In a couple of years time you decide its time to reduce the costs by reducing the cost of drugs. So you build a coalition against big pharma….
In other words you have an overall strategic plan, with priorities, and a clear vision of who the players are and where their interests lie and build coalitions accordingly. There are pay-offs. Obama probably gave big pharma far more than he wanted to on this occasion, and it may come back to haunt him. On the other hand he may have a plan for how do deal with them later.
All of this has to do with political power and influence, jobs, profits, and re-election – and the democratic part of the system, where it is not completely dysfunctional, is supposed to ensure that the little guy gets a seat somewhere at the table.
But when corporations have more rights than people, what do you expect? When people have been duped to act against their own best interests what do you expect? When individual interests take precedence over the common good what do you expect?
i agree with this.
this is why their contracts should be ended IMMEDIATELY.
Or don’t use contractors in the first place. If you need a truck driver in a war zone, train a private to drive the truck; if you need a large quantity cook on a military base, train a private to cook; etc. Then you wouldn’t have any dead weight (i.e non-fighters) around when things heat up and soldiering is needed and the grunts might end up with some useful skills when they muster out.

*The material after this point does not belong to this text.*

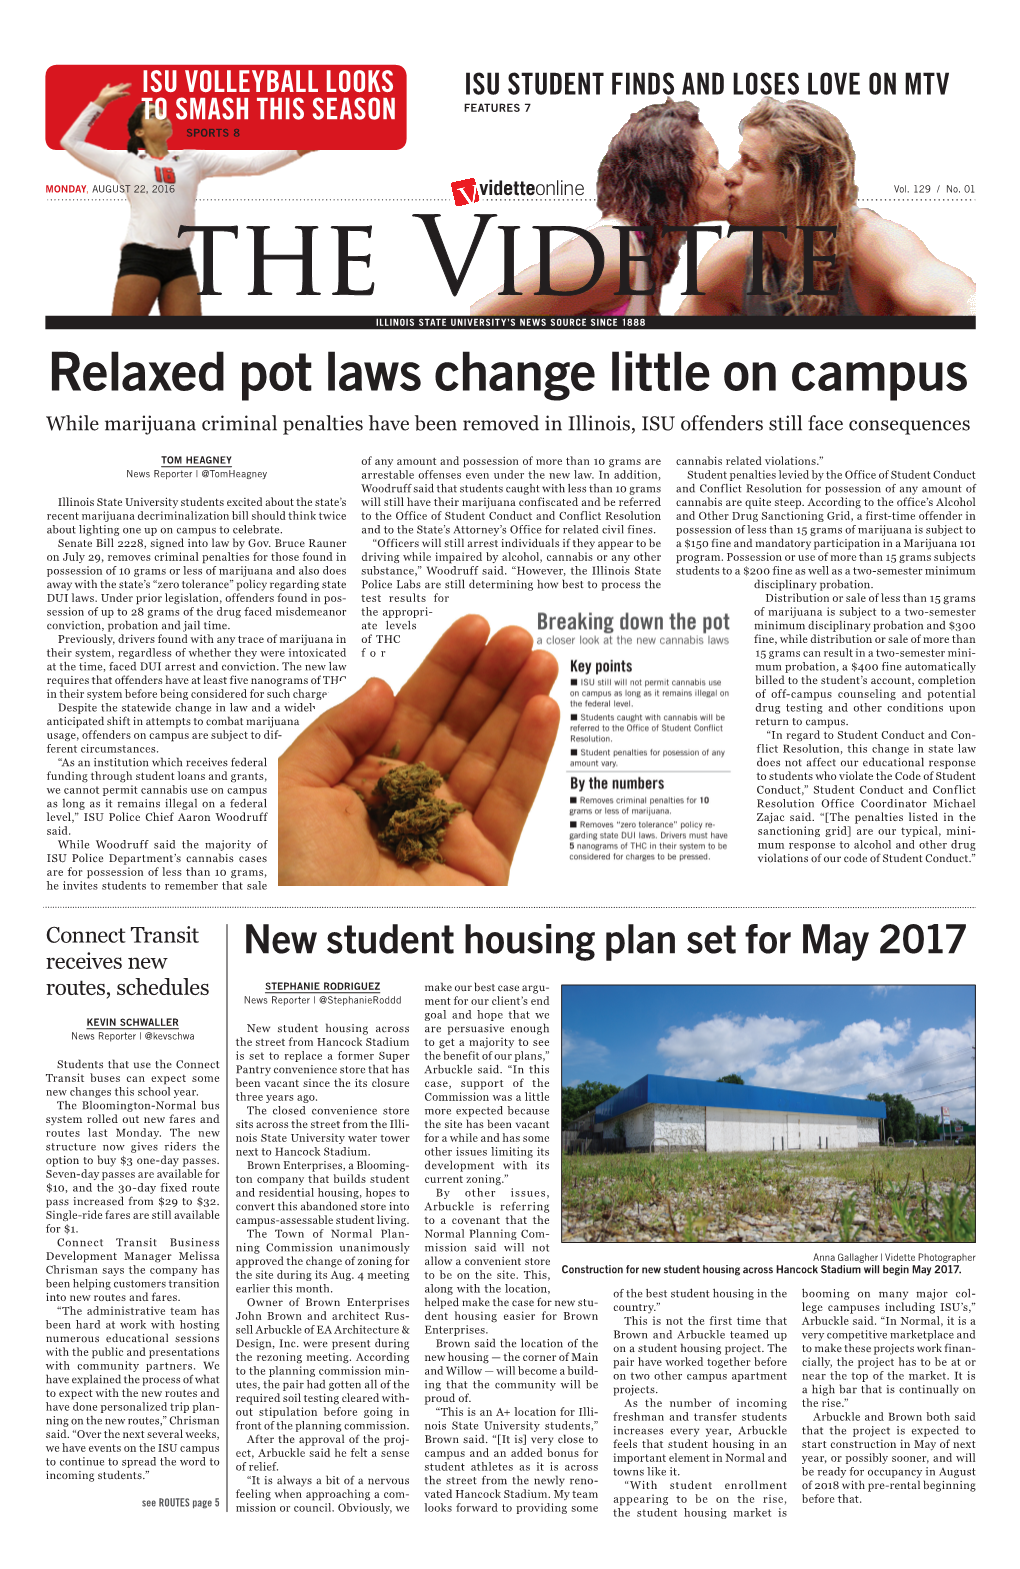 Relaxed Pot Laws Change Little on Campus While Marijuana Criminal Penalties Have Been Removed in Illinois, ISU Offenders Still Face Consequences

that is exactly what should be done. then, maybe there would be a hell of alot less wars thatwe are involved in. but- since war results in profit, do you think that that will ever be the case?wkat was it that someone said? the military industrial complex!!!!!

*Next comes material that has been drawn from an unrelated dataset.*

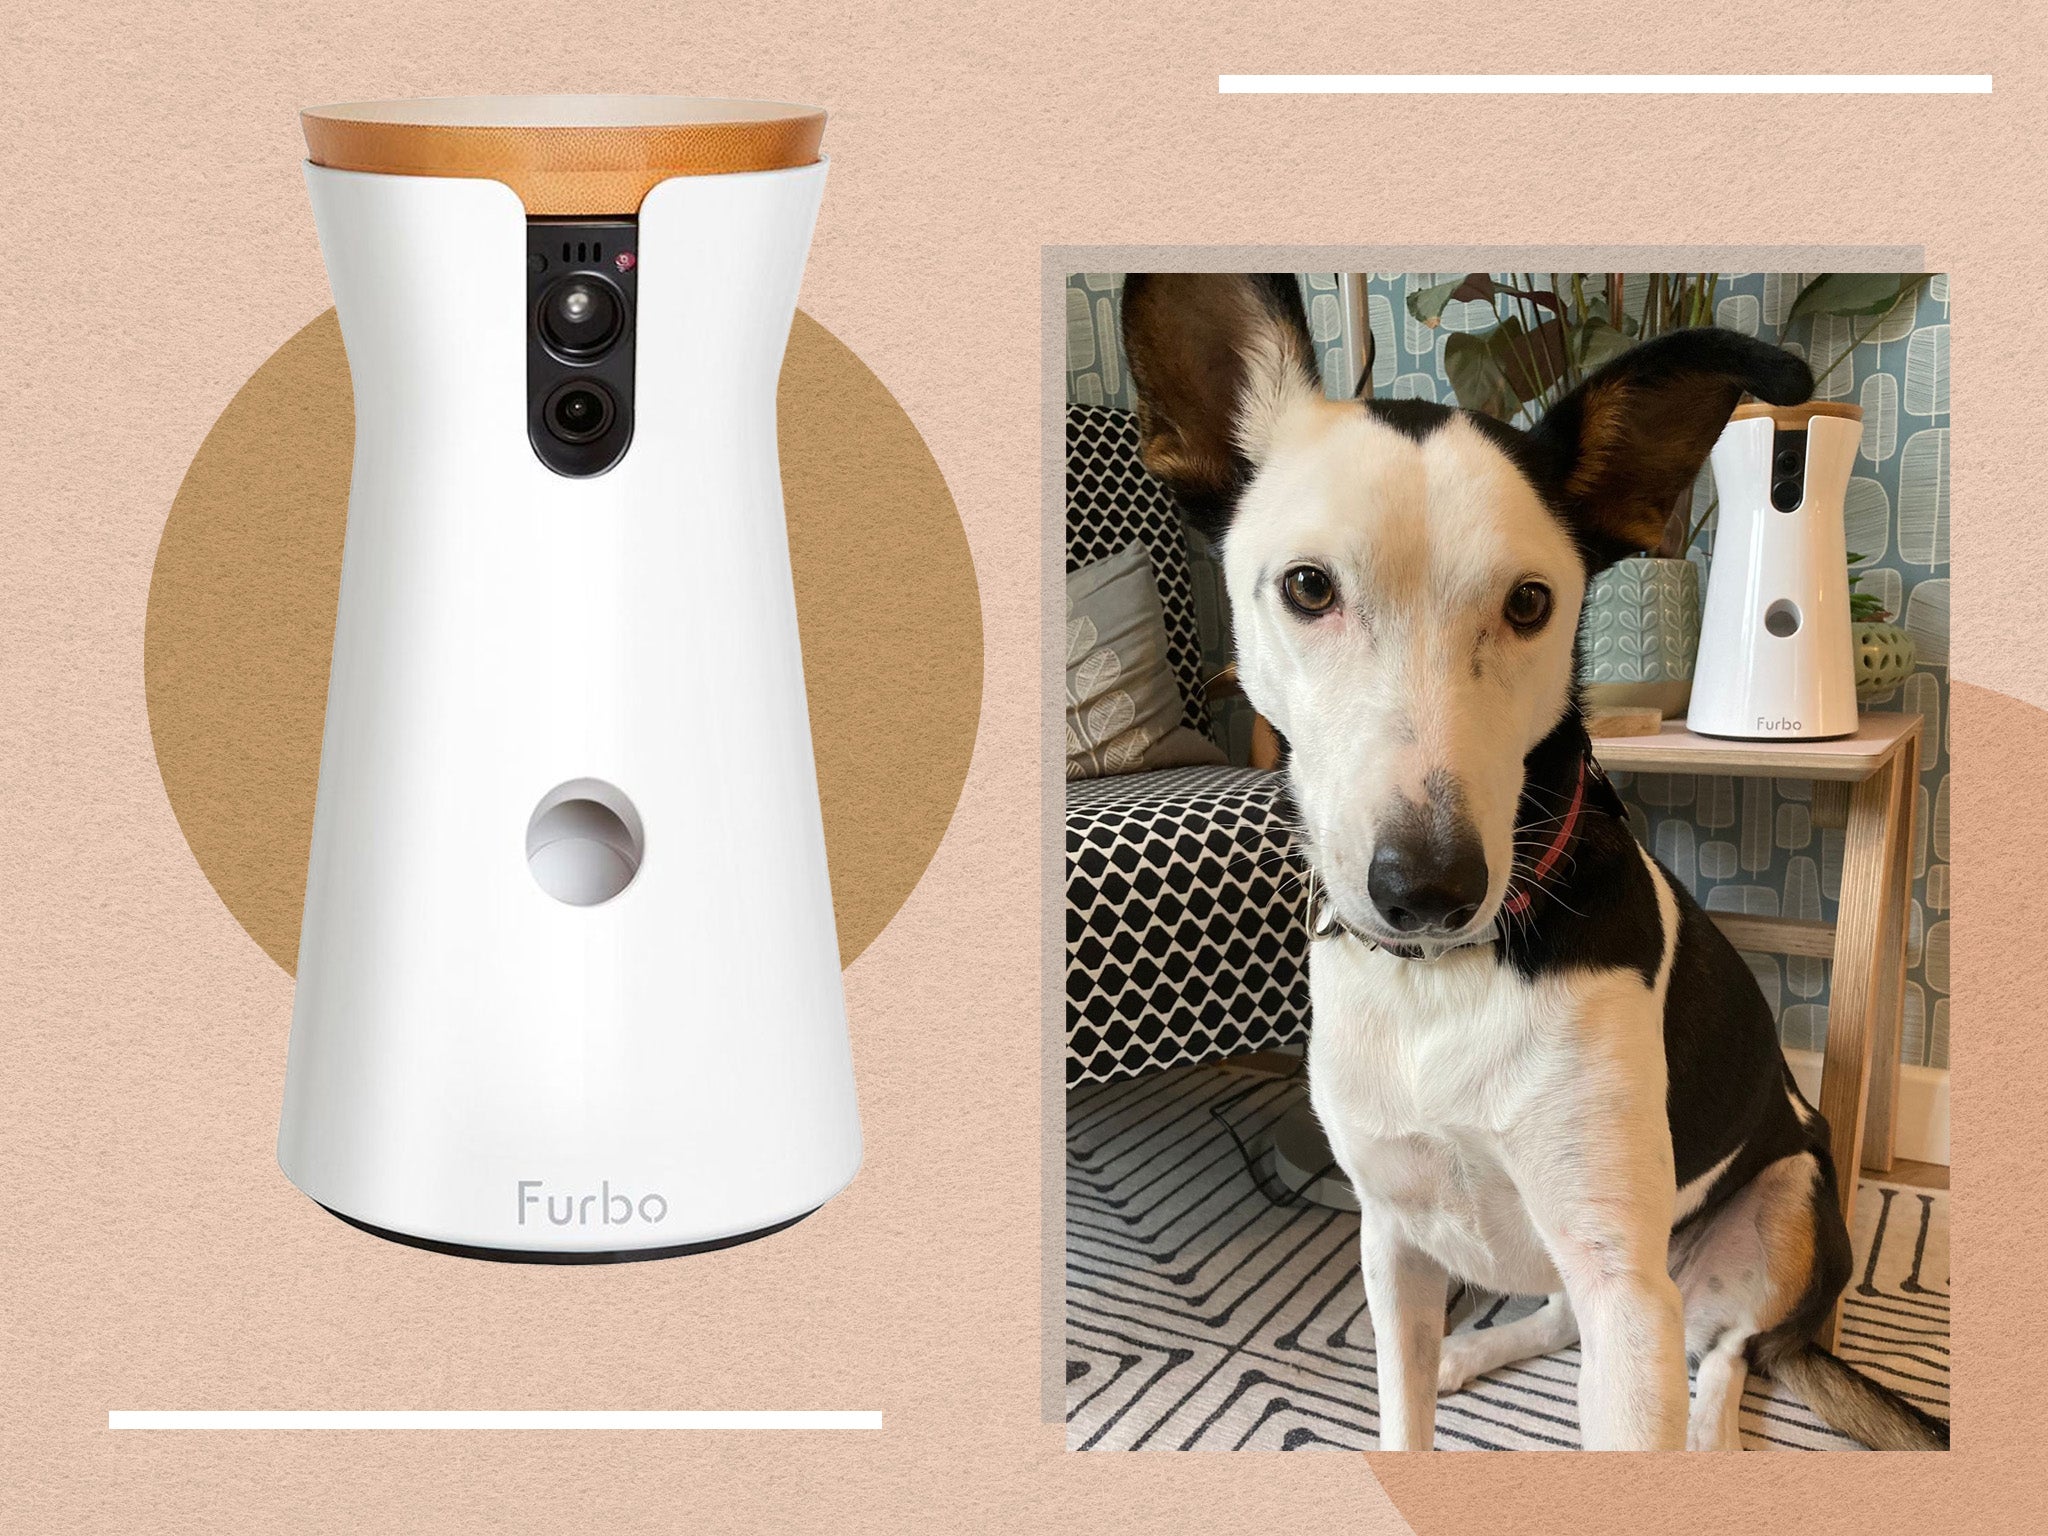 Furbo dog camera review 2022: Design, features and performance

It goes back a little bit more than Ike. A little background on Major General Butler is worthwhile.
.
“I spent 33 years and four months in active military service and during that period I spent most of my time as a high class muscle man for Big Business, for Wall Street and the bankers. In short, I was a racketeer, a gangster for capitalism. I helped make Mexico and especially Tampico safe for American oil interests in 1914. I helped make Haiti and Cuba a decent place for the National City Bank boys to collect revenues in. I helped in the raping of half a dozen Central American republics for the benefit of Wall Street. I helped purify Nicaragua for the International Banking House of Brown Brothers in 1902-1912. I brought light to the Dominican Republic for the American sugar interests in 1916. I helped make Honduras right for the American fruit companies in 1903. In China in 1927 I helped see to it that Standard Oil went on its way unmolested. Looking back on it, I might have given Al Capone a few hints. The best he could do was to operate his racket in three districts. I operated on three continents.”
"But I will not let myself be reduced to silence."

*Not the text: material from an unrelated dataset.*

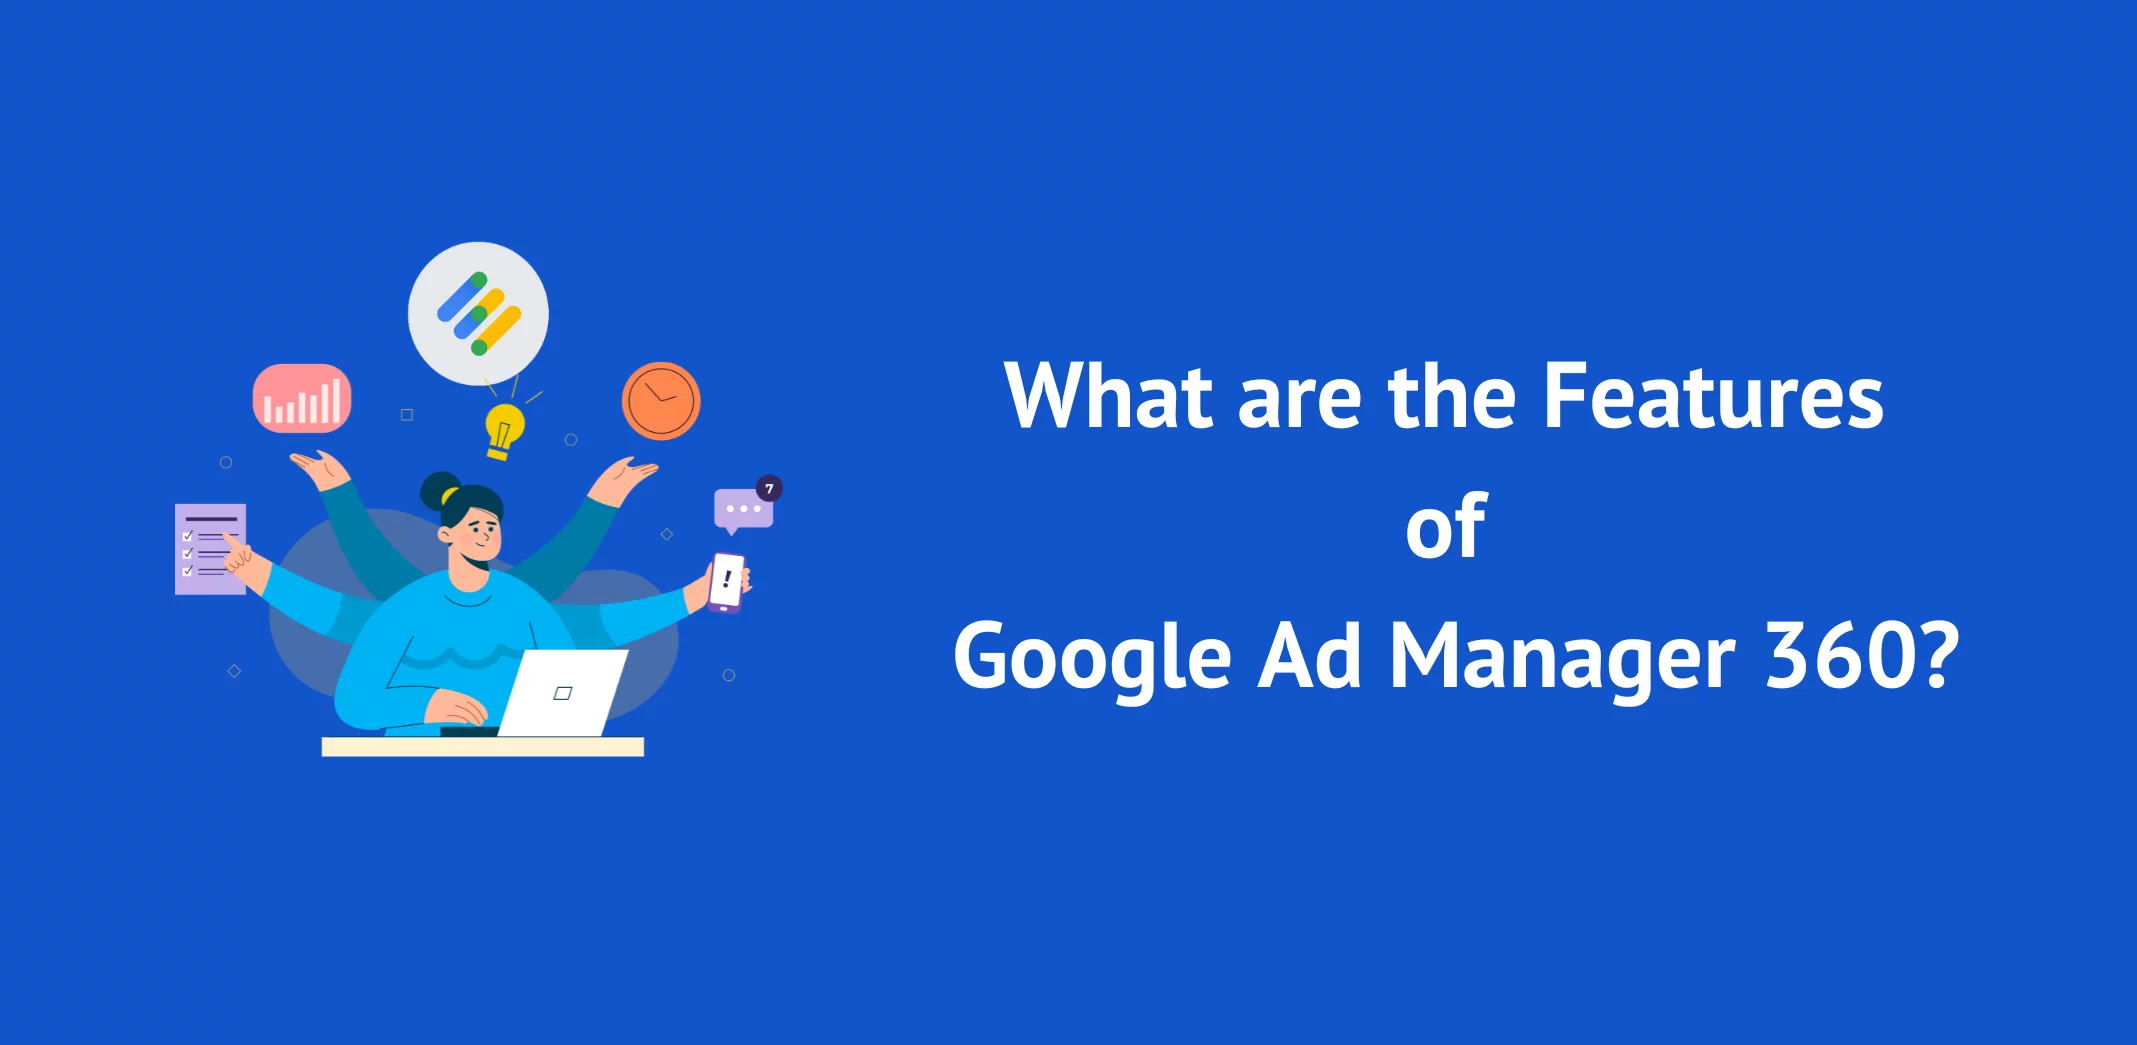 What are the Features of Google Ad Manager 360?

Mr. Di Parnardo is a cooperate stooge. I am glad to see a Senator use the “yes” and “no” questions as it stops the witness “BS” statement.
With result like this all binding arbitration should be eliminated…
http://www.citizen.org/pressroom/release.cfm?ID=2519
What I want to see is KBR announce that past binding arbitration is no longer valid then go to court to answer for what they did. I think Al Franken is the best senator since Paul Wellstone.
we should never contract out our wars or our government.
To contract out, it’s fine if it for a bunch of cooks and people to do mess.
But, nothing more. From installing showers to playing army, these people are bad news.
I think this is one of the rare moments where I can — if I ignore everything else going on — actually believe in democracy. The problem is that we’ve only got one Al Franken, and I don’t see any plausible path to having the majority of our legislatures filled by people like him.
That said, Sen. Franken encourages me to wait and see.